A theoretical investigation on boron–ligand cooperation to activate molecular hydrogen by a frustrated Lewis pair and subsequent reduction of carbon dioxide

The role of boron–ligand cooperation in activating molecular hydrogen by a set of six frustrated Lewis pair (FLP) systems is explored using density functional theory. The results obtained from thermochemical calculations show that all the studied FLP systems are capable of activating molecular hydrogen as the activation free energies are not too high (17.6–25.6 kcal mol−1). Sulphur based FLP 6 is the most promising one as it results in the smallest activation barrier among the studied sets. For a given FLP, the introduction of an electron donating –NMe2 group at the para position of the pyridine ring somewhat lowers the barrier and enhances the B–X (X = O, N, S) interaction.

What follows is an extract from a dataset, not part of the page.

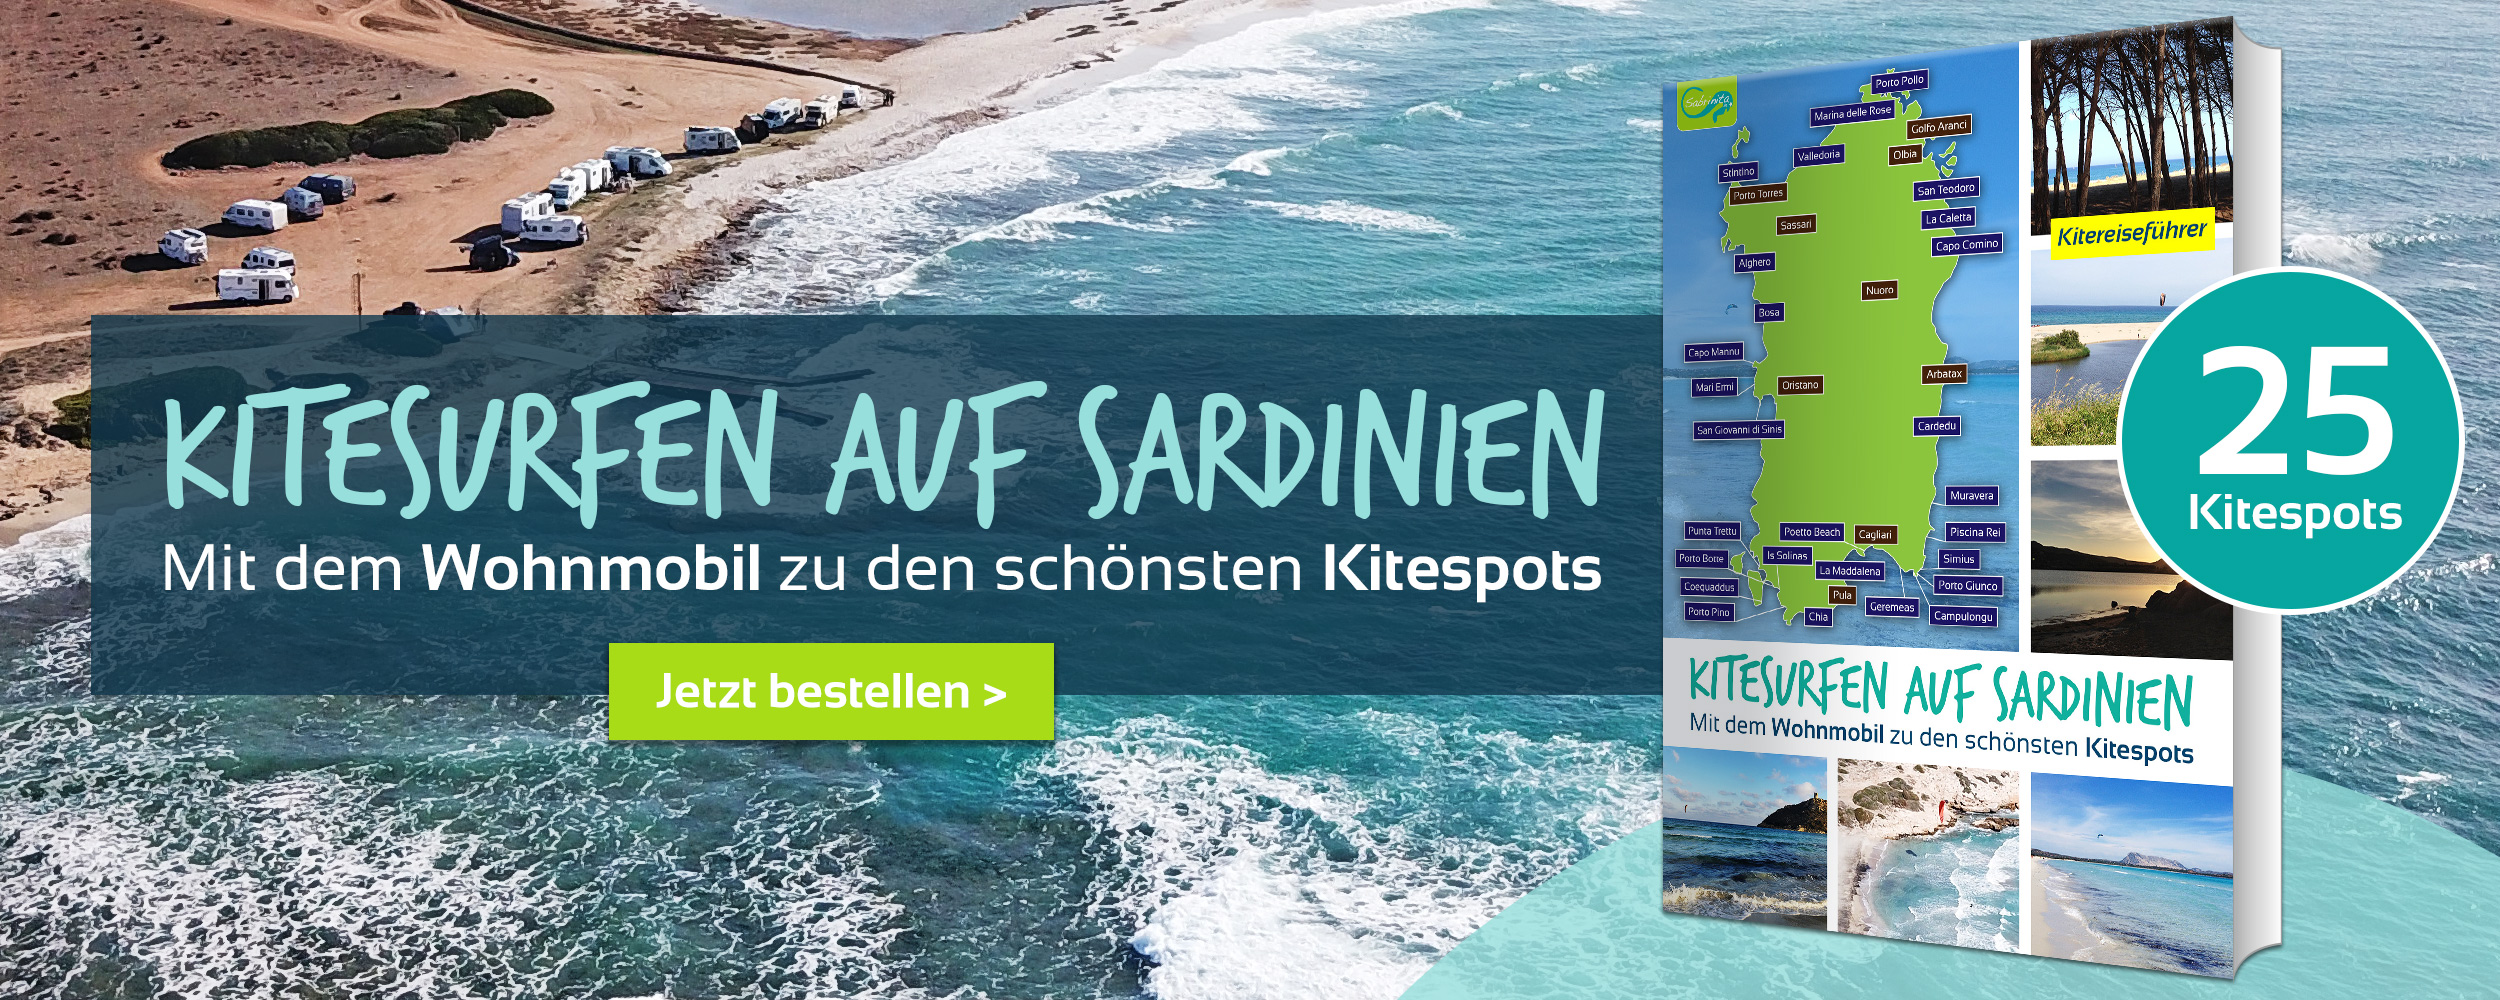 Kitesurfen auf Sardinien - Kitereiseguide

The B–X bond present within the FLPs plays a crucial role in facilitating the H2 activation process where it gets changed from the B+–X− type of interaction in the FLP to the B ← X dative bond upon H2 activation as understood from the energy decomposition analysis in combination with the natural orbital for chemical valence theory (EDA-NOCV). This mode of operation is termed as boron–ligand cooperation in analogy with the metal–ligand cooperation in transition metal complexes. The EDA-NOCV results obtained at the TS also support an electron transfer model where simultaneous electron transfer takes place from the Lewis basic center (N) of the FLP to σ*(H2) and from σ(H2) to the Lewis acidic center (B) of the FLP, resulting in a weakened H–H bond. The change in the aromaticity of the pyridine rings during the course of H2 activation is also monitored by nucleus independent chemical shift calculations. Finally, the ability of the studied FLP systems to act as hydrogenation catalysts is elucidated by studying the hydrogenation of CO2 to yield formic acid.